Andreea Răsuceanu est une écrivaine roumaine, docteur ès Lettres. Elle a bénéficié d’une bourse postdoctorale qui lui a permis de suivre un stage de 6 mois à la Sorbonne – Paris 3 qui a abouti avec la publication de l’étude Le Bucarest de Mircea Eliade. Eléments de géographie littéraire. Elle a publié de nombreux articles dans des revues culturelles, telles que Viaţa Românească, România literară, Observator cultural, Bucureştiul Cultural, Idei în dialog, Dilema veche, Convorbiri literare etc. Elle a traduit plusieurs livres de l’anglais et écrit des préfaces. Son premier livre Cele două Mântulese (Editions Vremea, 2019) a été nominalisé pour le prix de la revue România literaraet pour le grand prix Protheus. En 2013, elle publie Bucureștiul lui Mircea Eliade. Elemente de geografie literară, nominalisé pour les prix de l’Union des Ecrivains roumains et pour les prix de la revue Observator cultural. Elle a reçu le Prix du Jeune critique de l’annoée 2013. En 2016 elle publie Bucureștiul literar. Șase lecturi posibile ale orașului (Humanitas). En 2018, elle publie le roman O formă de viață necunoscută (Humanitas), et 2019, les Editions Humanitas publient Dicționar de locuri literare bucureștene (écrit avec Corina Ciocârlie).
Elle est aussi l’auteure de prose courte publiée dans plusieurs revues littéraires et ouvrages collectifs : Bucureștiul meu (Humanitas, 2016), Cărți, filme, muzici și alte distracții din comunism (Polirom, 2014), Bookătăria de texte și imagini 2 (Pandora-M, 2016), Ferestre din București și poveștile lor (Editura Peter Pan, 2015), Orașul. Antologie de proză (Gestalt Books, 2016), Tot înainte!
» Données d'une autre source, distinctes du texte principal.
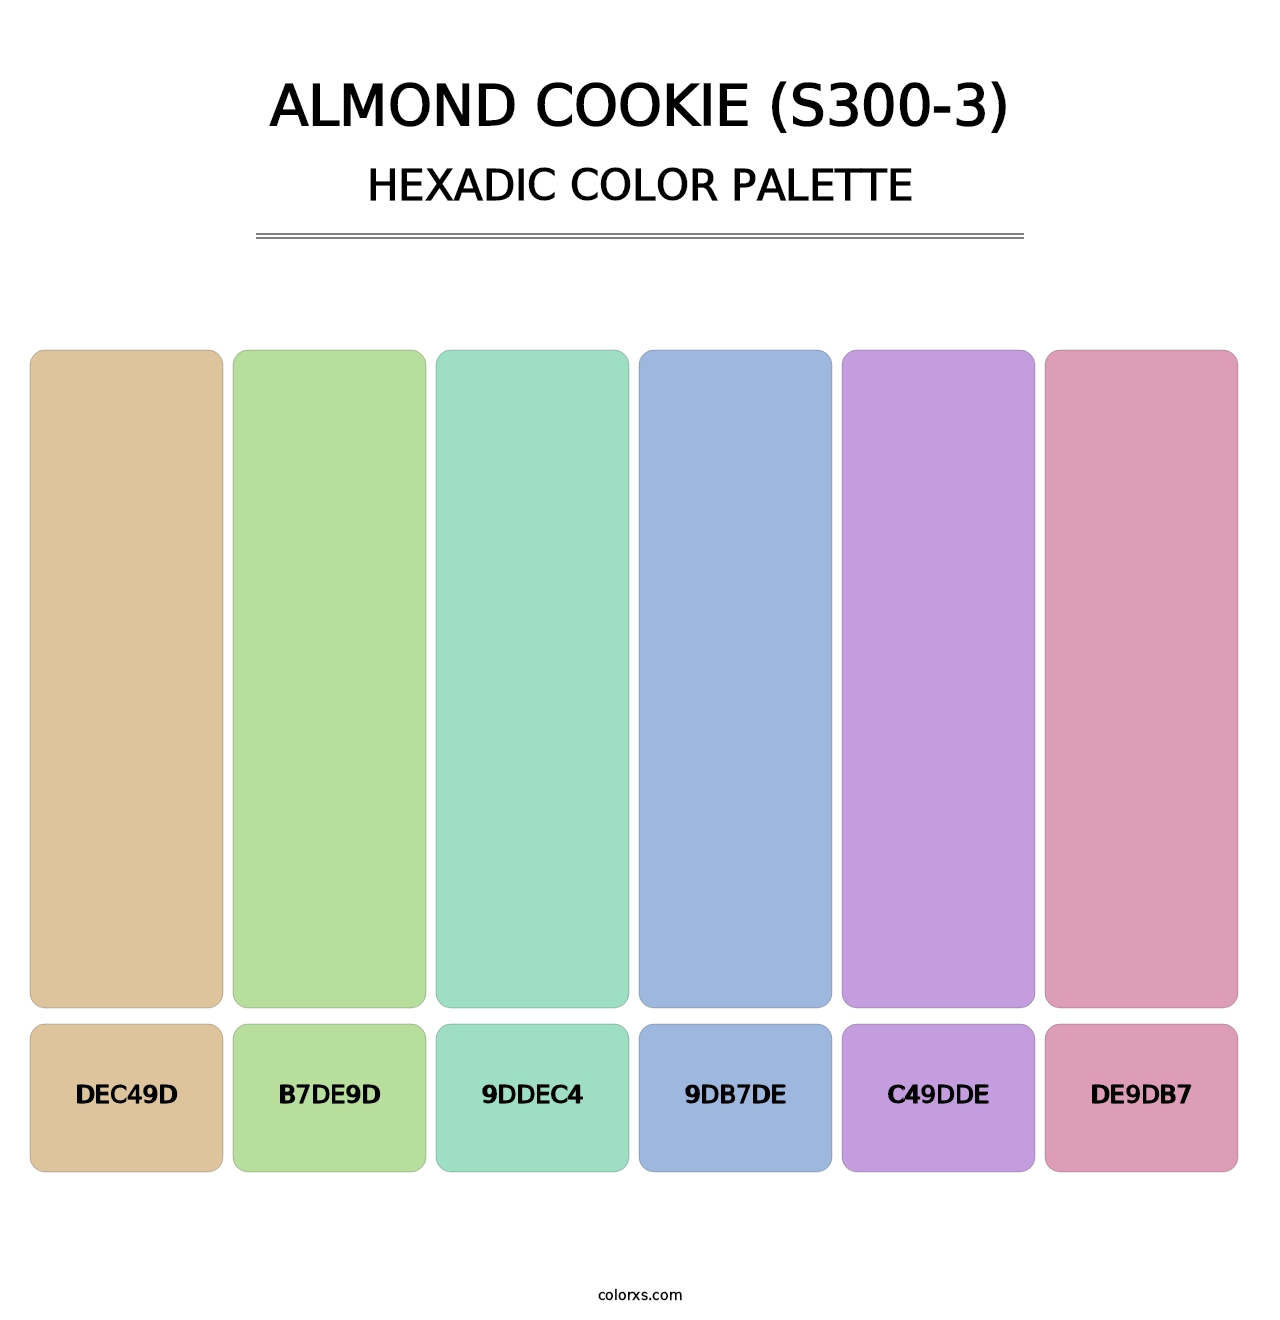 Almond Cookie (S300-3) - Hexadic Color Palette

Amintiri din copilărie (Curtea Veche, 2016), In the Mood for Love (Paralela 45, 2019), Cum să fii fericit în România (Humanitas, 2017), Cartea întâmplărilor (Humanitas, 2019).
Son roman O formă de viață necunoscută (Une forme de vie inconnue) a figuré sur la liste du Festival du Premier Roman de Chambéry et des fragments ont été traduits en anglais, français, turc et espagnol. La critique qualifie ce roman comme un des plus importants et des plus étonnants livres écrits ces dernières années.